Calling out China’s cyber hacking to protect America’s
Intellectual Property was long overdue

By A.D. Amar, Ph.D.

On July 19, 2021, the Biden Administration, in conjunction with Japan, Canada, Germany and other European countries, and NATO, formally accused China of cyber attack on Microsoft Exchange. In San Diego, CA, a federal grand jury indicted four Chinese nationals and residents for hacking into dozens of universities, companies, and government entities. According to the Homeland Security, this happened between 2011 and 2018 in the USA and other countries.

America had known of the hacking of its computers by China far before this period of the indictment. But it lacked the courage in the evidence to challenge China and succeed. From 2000 onwards, America got distracted because of 9-11 and other issues around the world due to which it could not confront China.

However, in 2013, when President Obama was fully ready to take up the cyber theft of American corporate intellectual property with President Xi Jinping, with all the proofs charging Chinese ministries for hacking, during their summit in California, China upstaged America by bringing Edward Snowden on the stage in Hong Kong who had solid evidence attacking NSA and the White House in the surveillance of global allies, such as Angela Merkel. President Obama met with President Xi but did not gather the courage to bring up the matter.

The actual period during which China has been engaging in hacking is much longer. A Spanish adage, which circulates among the technology and innovation professionals, states that “Well stolen is half-done.” In its spirit, this adage guides the modus operandi of a large number of companies in the world. They scan whatever is in public domain to take away the useful information and, then, some also use cyber espionage to steal intellectual property from their competitors, government agencies, universities, and from all those who possess or are in custody of the intellect of value to them. The limit of these cyber pirates of the intellectual property would mostly be their budget or resources for the purpose because the probability of being caught and punished is quite low and of long-term loss extremely low.

However, this adage would not apply anywhere more appropriately than in the case of the People’s Republic of China where, because of the ownership and governance regulation, mostly, the country and the companies are the same thing. There is no boundary between them. China is like a multi-trillion-dollar conglomerate that has an endless budget and endless human resources for the purpose. This is how it has achieved development at such a high speed, and in many cases, has surpassed the western world – those who had been the originators of the technologies.

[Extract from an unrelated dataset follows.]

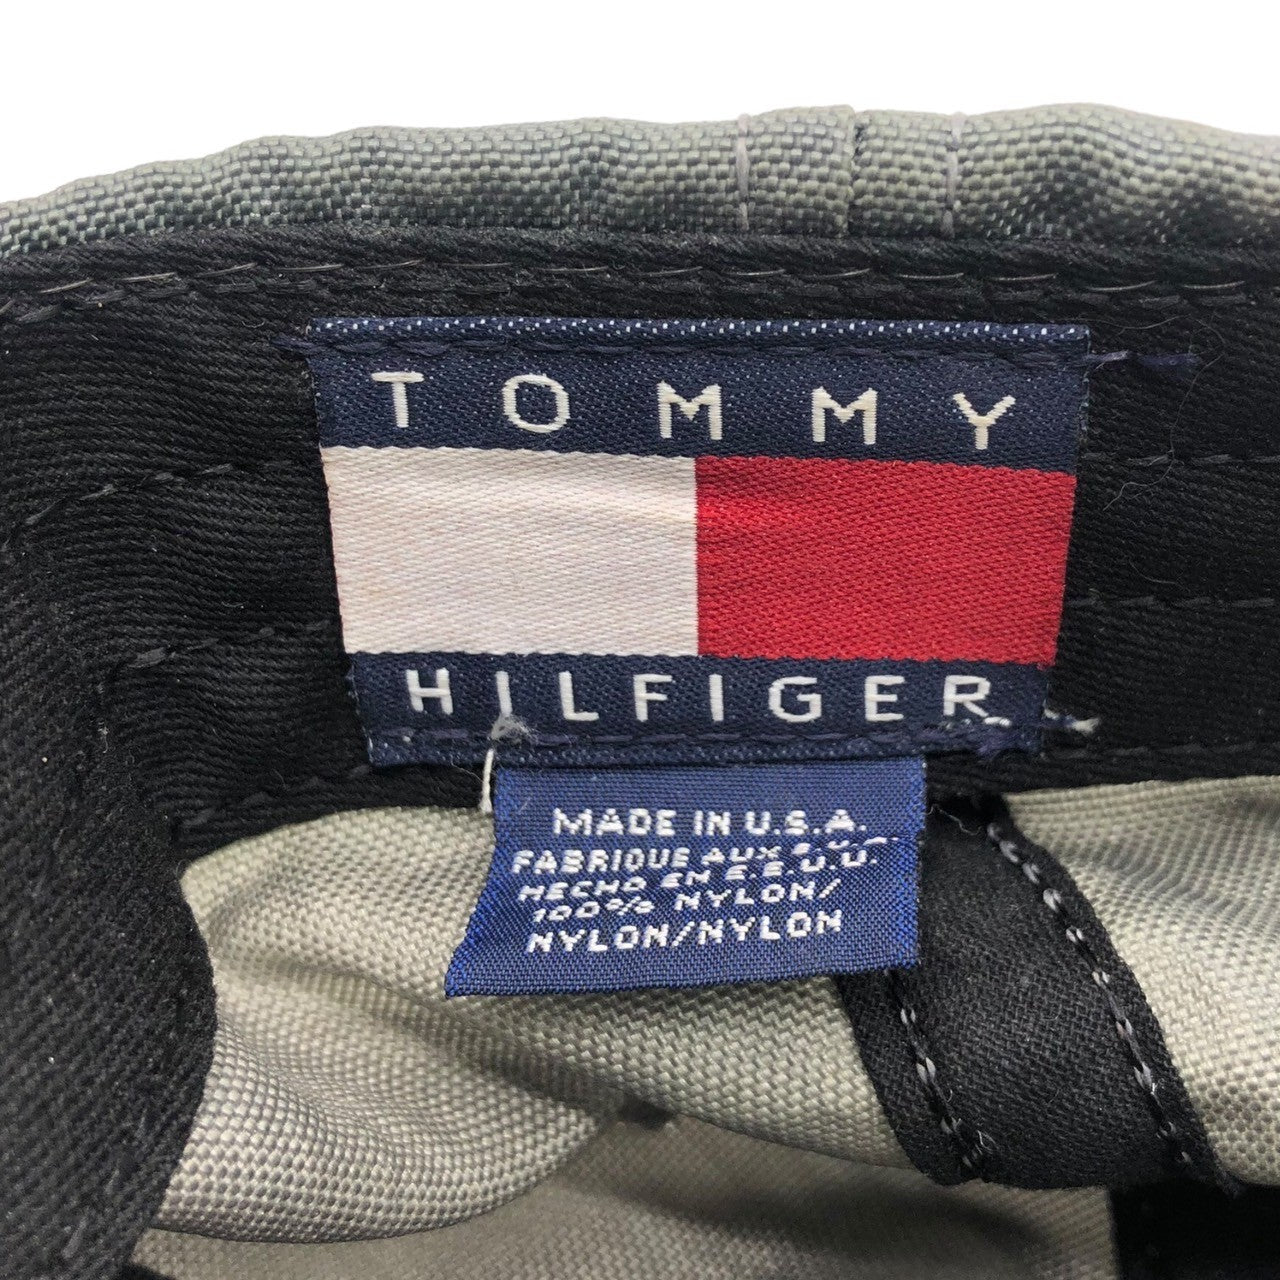 TOMMY HILFIGER(トミーヒルフィガー) 90's 6panel nylon logo cap 6パネル ナイロン ロゴ キャップ 90年代 MADE IN USA グレー

The above is true for the areas of artificial intelligence (AI), quantum computing, and movements at hypersonic speed—five times the supersonic speed. These have resulted in Chinese global leadership in drone technology, infrastructure, advanced manufacturing, hypersonic speed vehicles—UAP (Unidentified Aerial Phenomena) and communication technology. Because of these developments, if there were to be a war in the future, based on the technology in the Chinese possession, it would have a great advantage against the West and would be able to better and faster design, manufacture, and deliver the war weapons, such as the missiles, at the hypersonic speed.

These developments have left America and other democracies in the dust in these and many other areas of technologies which are based on the scientific facts that had been discovered, developed, and advanced somewhere outside China. Because now China has surpassed the West, it is less dependent on the West for them and wants to protect what it has developed. Therefore, it advocates the need for intellectual property protection, respect for the rights of inventors and patent holders, and an orderly, respectful behavior globally. Nevertheless, the West has to make sure that it protects itself and other nations from cyber hacking.

The author is Professor of Management, Stillman School of Business, Seton Hall University, South Orange, NJ.